A semi-automated, GIS-based framework for the mapping of supraglacial hydrology

Supraglacial drainage networks play an integral role in both glacier dynamics and run-off timing, and mapping them provides insight into their role in glacial systems. Here we present a reproducible approach for semi-automated mapping of supraglacial hydrologic features, which complements existing work in automated and manual mapping by providing clear definitions for identification of features. This framework uses a digital terrain model (DTM) to identify potential flow routes on the glacier surface, which are then classified using a set of standardized rules based on the DTM and an orthomosaic.
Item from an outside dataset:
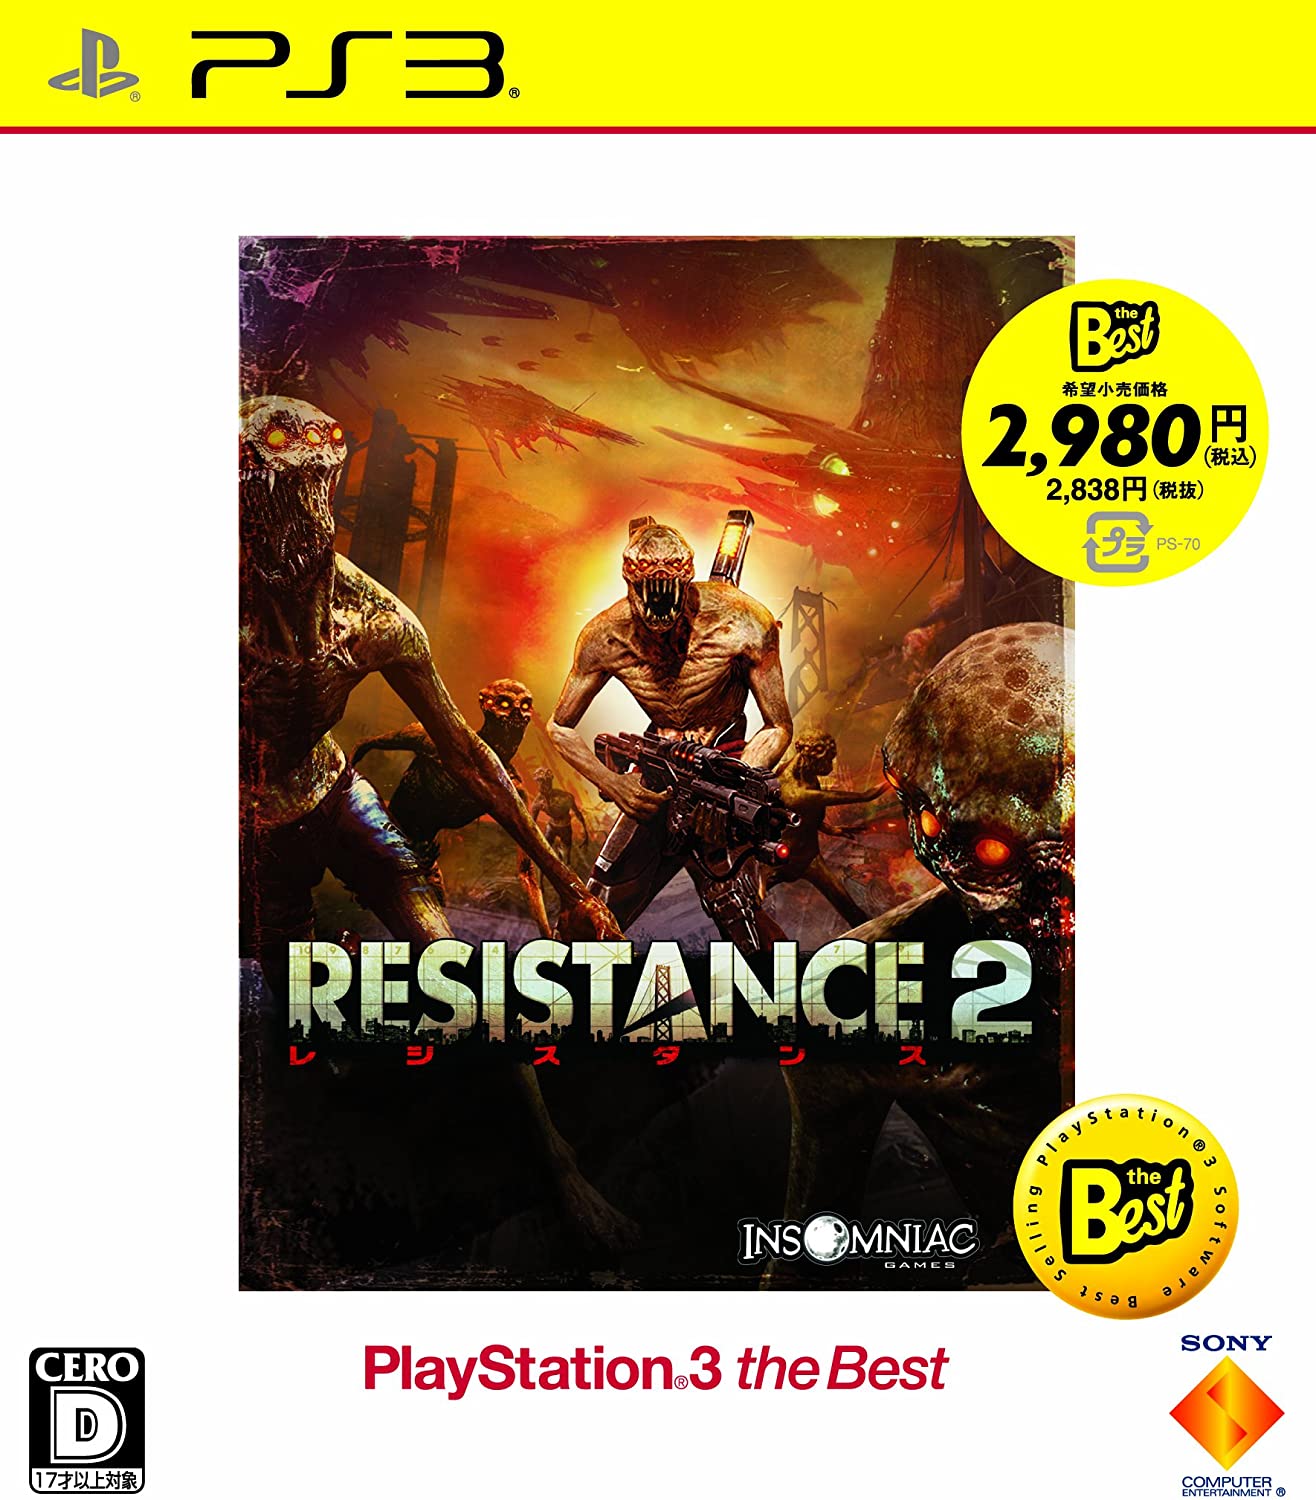 【送料無料】【中古】PS3 プレイステーション3 RESISTANCE 2 (レジスタンス 2) PlayStation 3 the Best
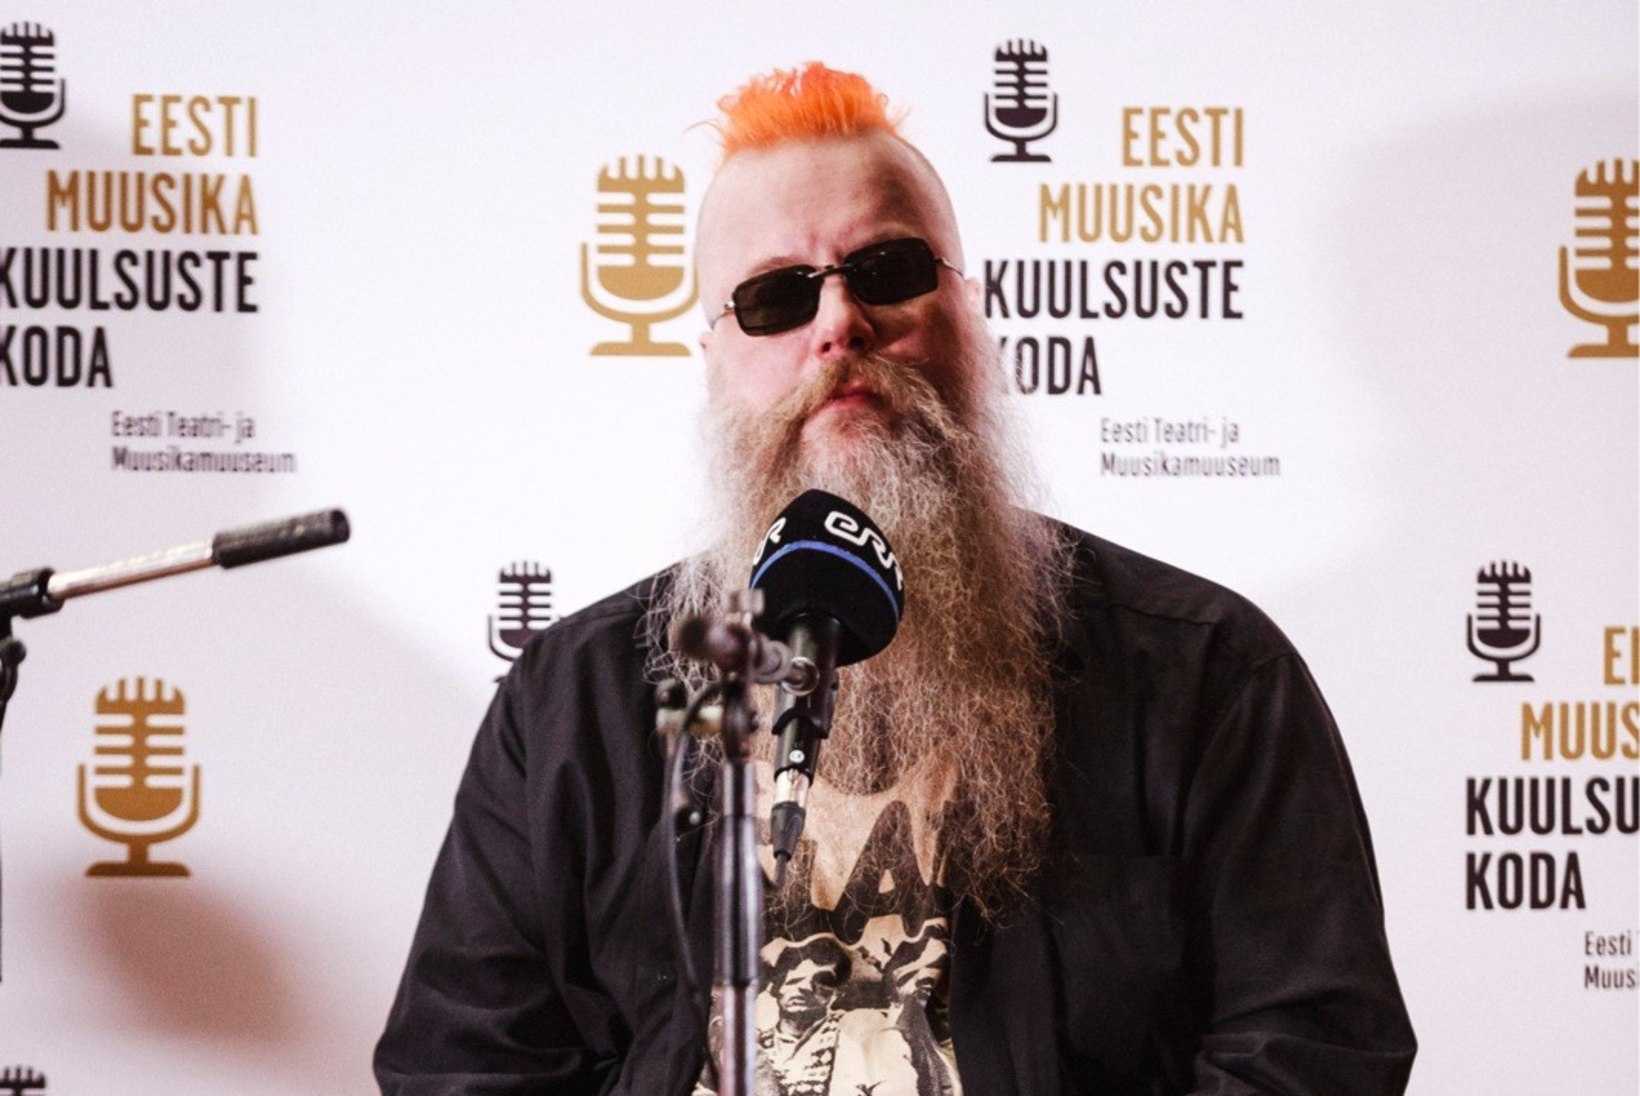 Villu Tamme: Eesti punk polnud mingi tohutu vastupanuliikumine. Olid tüübid, kes üritasid väljamaa meeste moodi välja näha

We found that the normalized difference water index calculated from digital imagery was influenced by image brightness and introduce a new approach using average RGB values to correct for this. Using this framework we mapped supraglacial drainage networks at Naluday and Thores Glacier, Canada. The framework was easier to implement with high-resolution (0.5 m) imagery and DTMs, compared to data with lower resolution (10 m), due to the increased detail in topography and feature boundaries at high-resolution. Lower-resolution data captured larger streams (>2 pixels wide), however, indicating that the framework can still be used at this resolution. Mapping supraglacial hydrology using standardized methods opens possibilities for investigating many questions relating to changes in supraglacial hydrology over time.